_Recorded information_:
↓

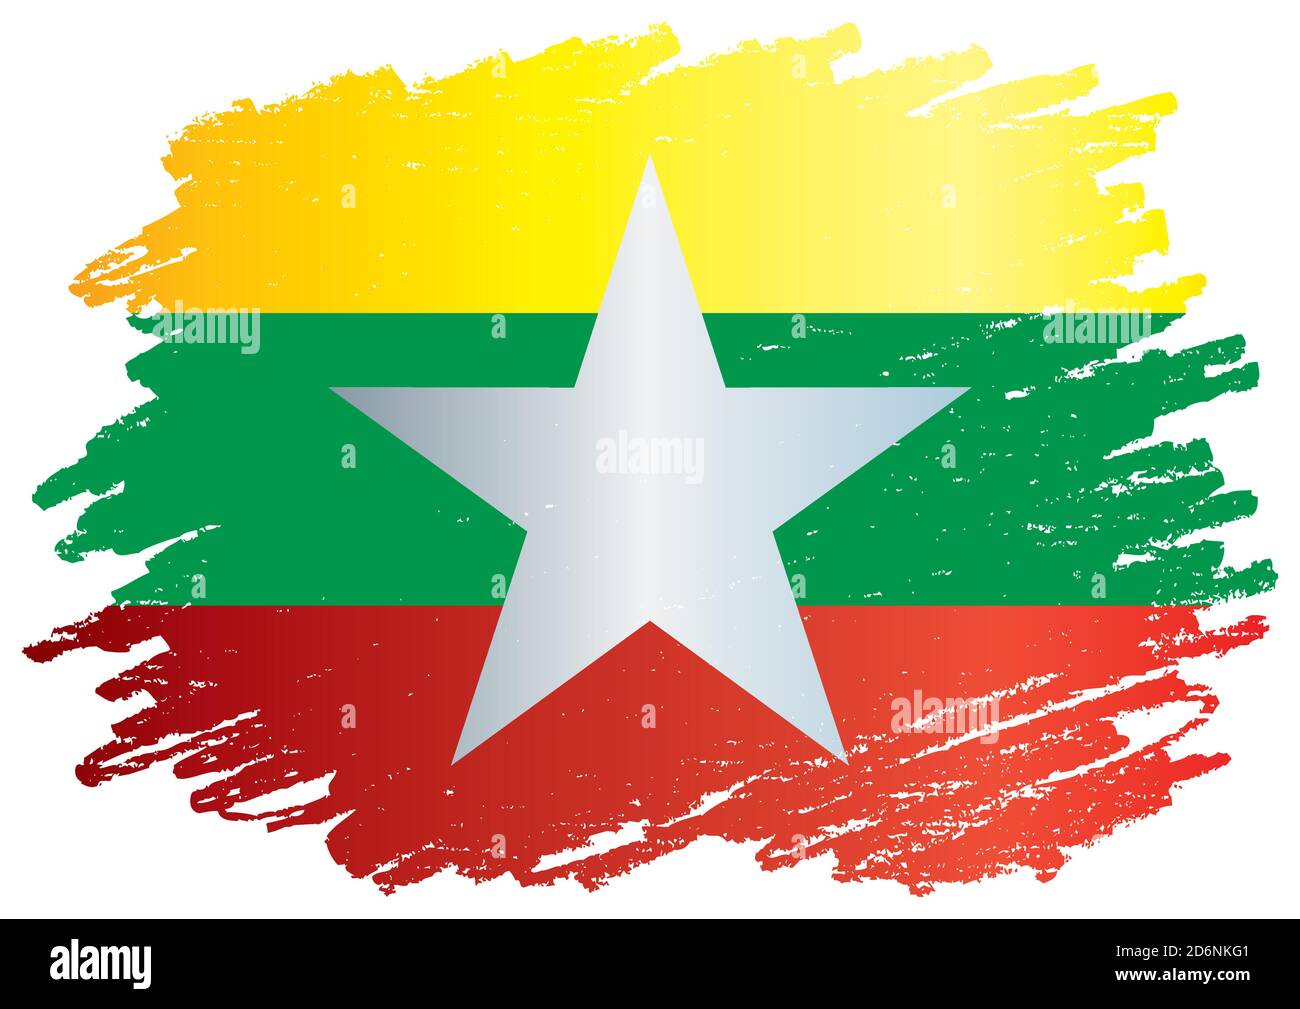 Drapeau du Myanmar, République de l'Union du Myanmar. Illustration vectorielle colorée et lumineuse Illustration de Vecteur
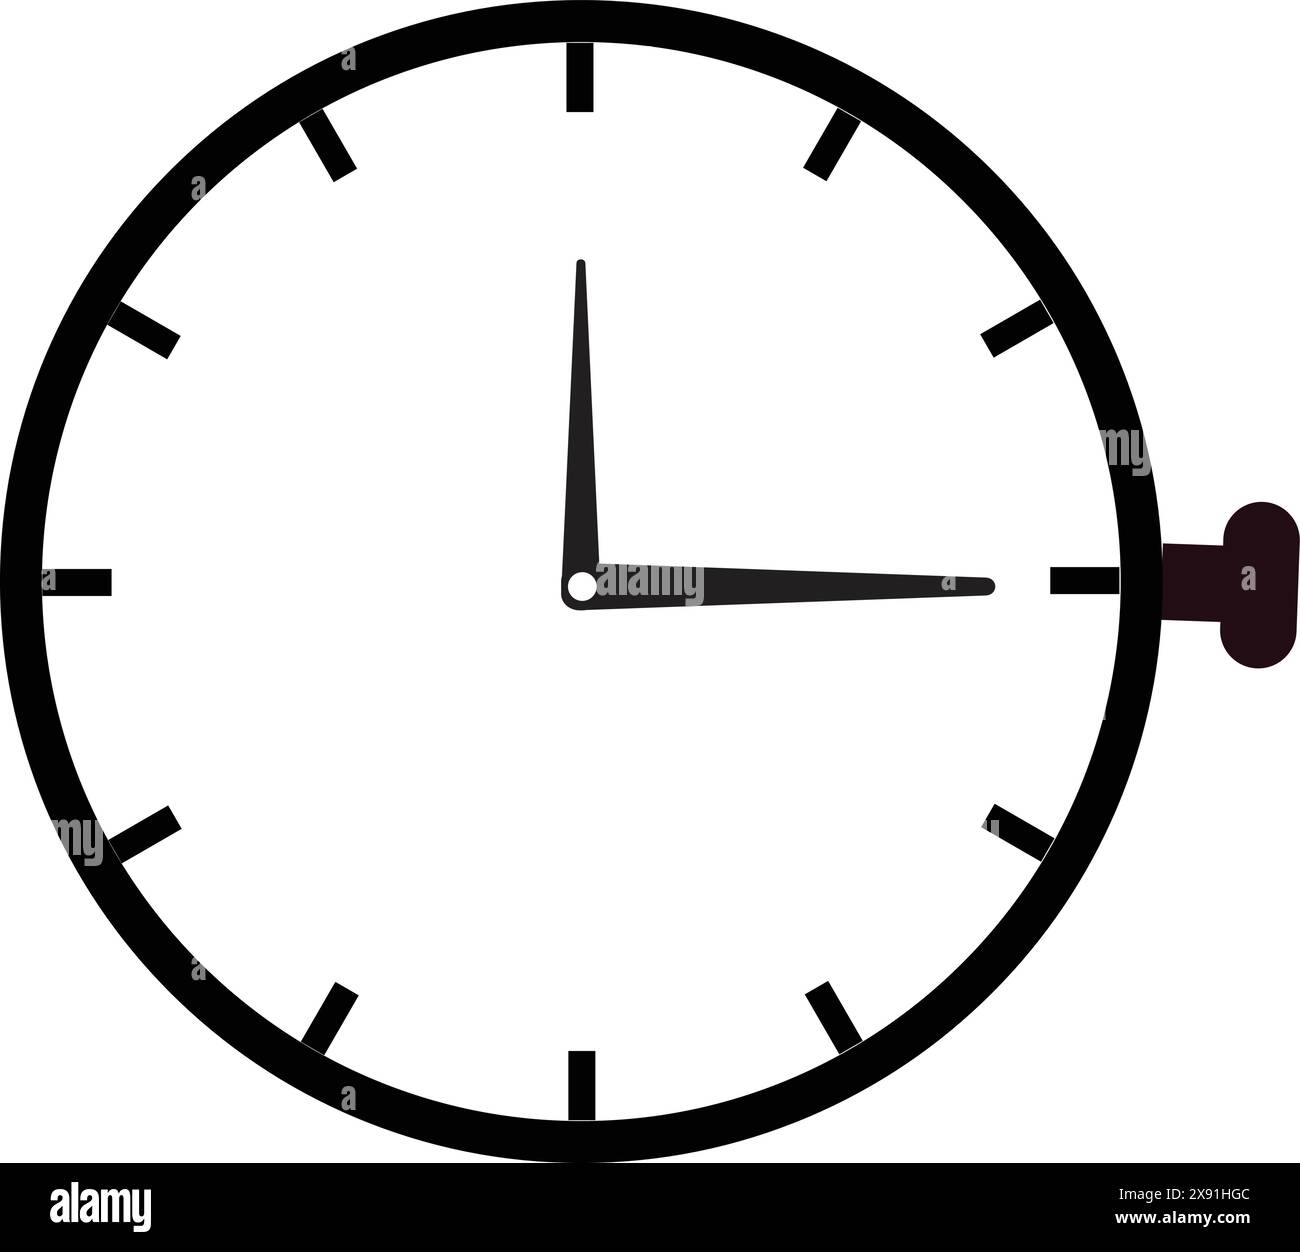 Uhr Schwarz-weiß-Symbol, Uhrensymbol, Zeitwecker, Timer-Symbol, Uhrensymbol, Zeitsymbol Stock Vektor
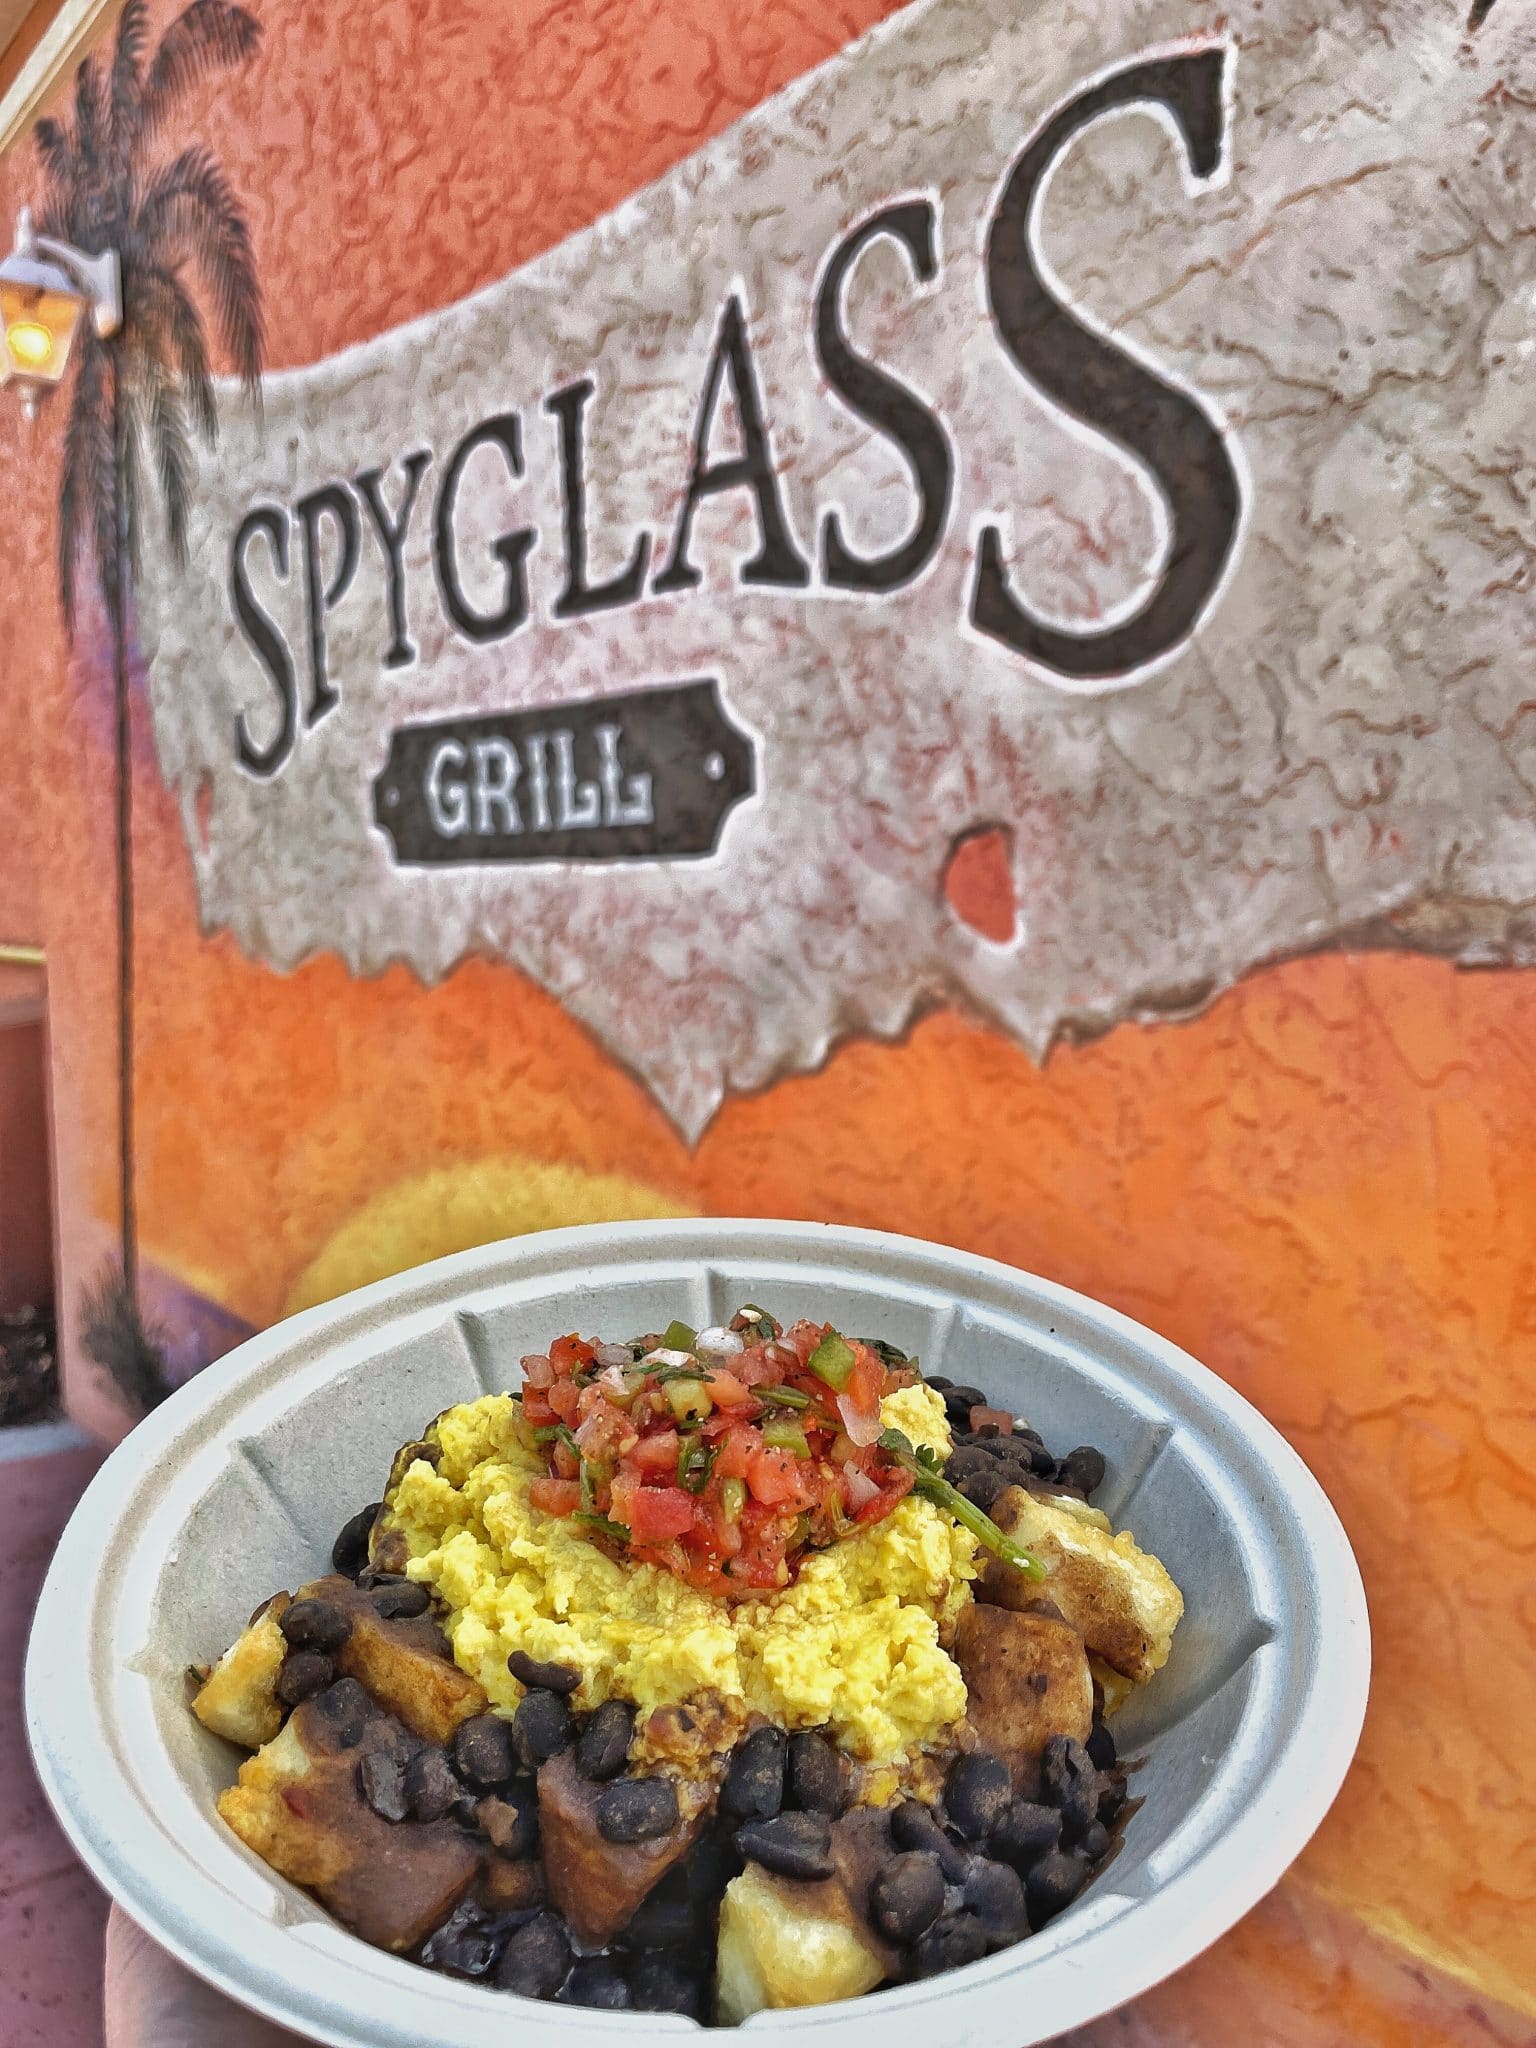 Spyglass Grill vegan breakfast bowl
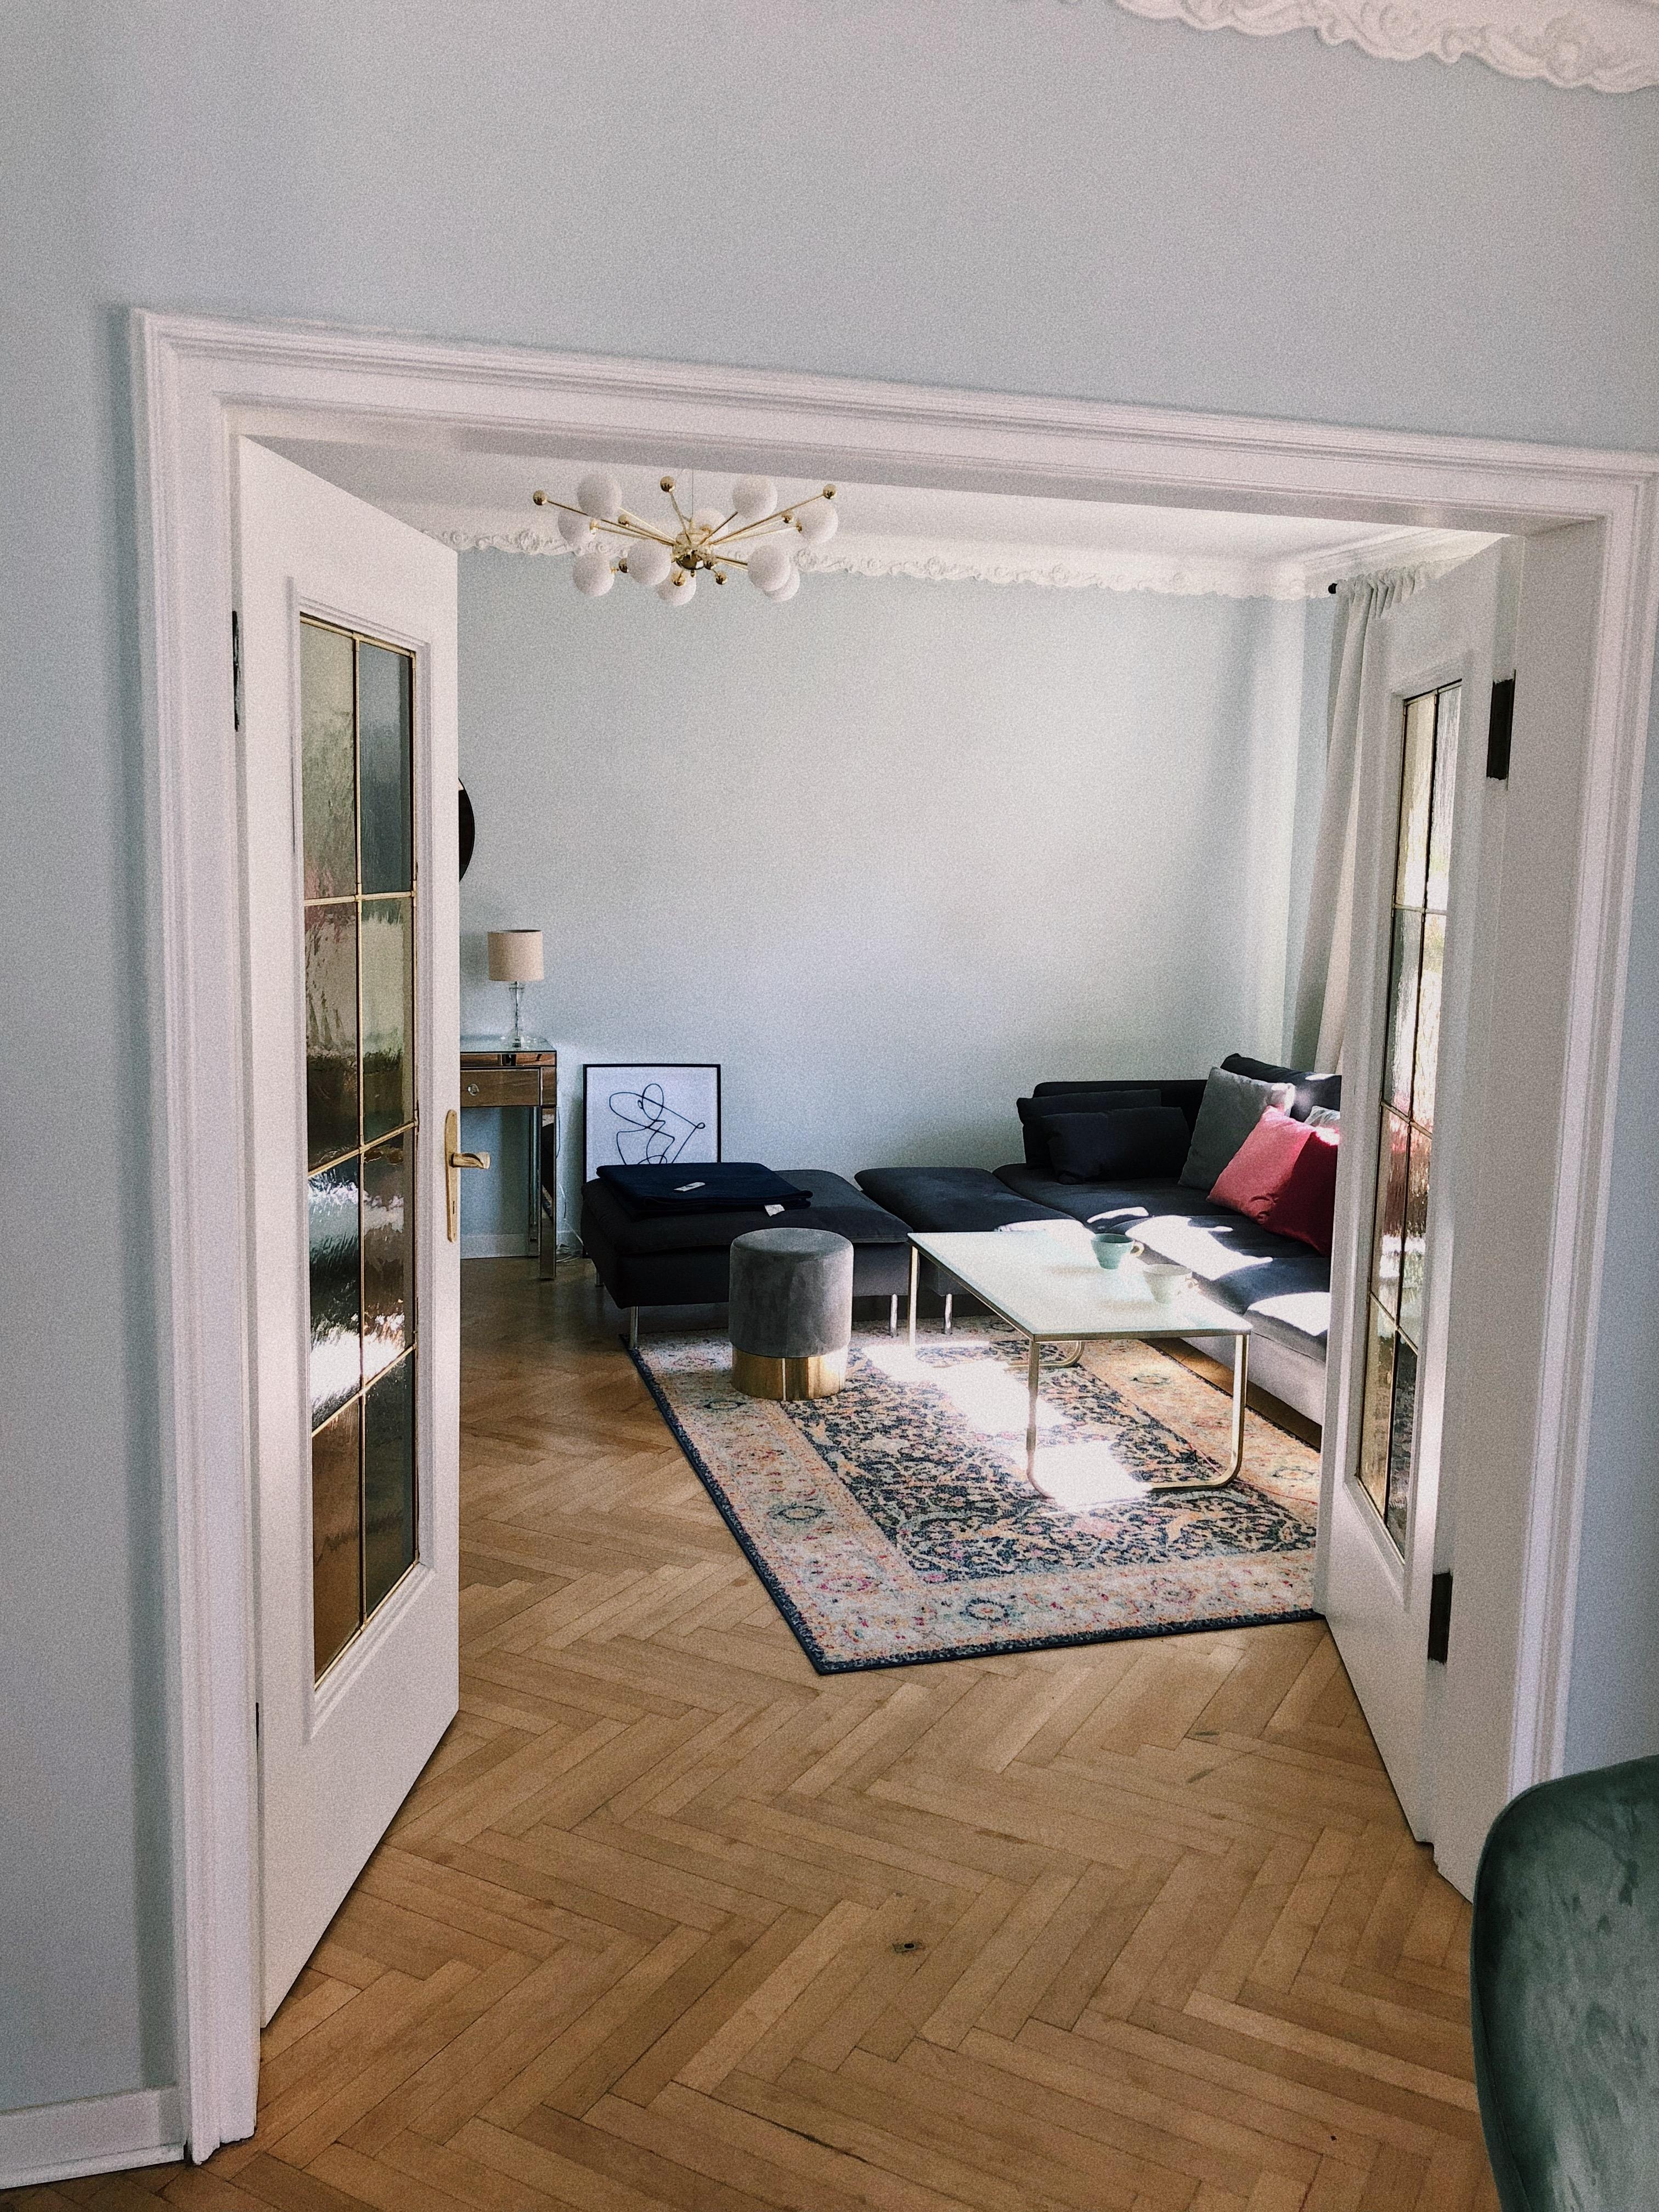 Liebe Grüße aus meinem Wohn und Essbereich. #wohnzimmer #essbereich # einrichtungsidee #vintageteppich #nordic #stilmix

↑

_Exercise_: Would you restate all of the data above word for word, omitting the pictures?

_Response to this task_:
 Drapeau du Myanmar, République de l'Union du Myanmar. Illustration vectorielle colorée et lumineuse Illustration de Vecteur
 Uhr Schwarz-weiß-Symbol, Uhrensymbol, Zeitwecker, Timer-Symbol, Uhrensymbol, Zeitsymbol Stock Vektor
 Spyglass Grill vegan breakfast bowl
 Liebe Grüße aus meinem Wohn und Essbereich. #wohnzimmer #essbereich # einrichtungsidee #vintageteppich #nordic #stilmix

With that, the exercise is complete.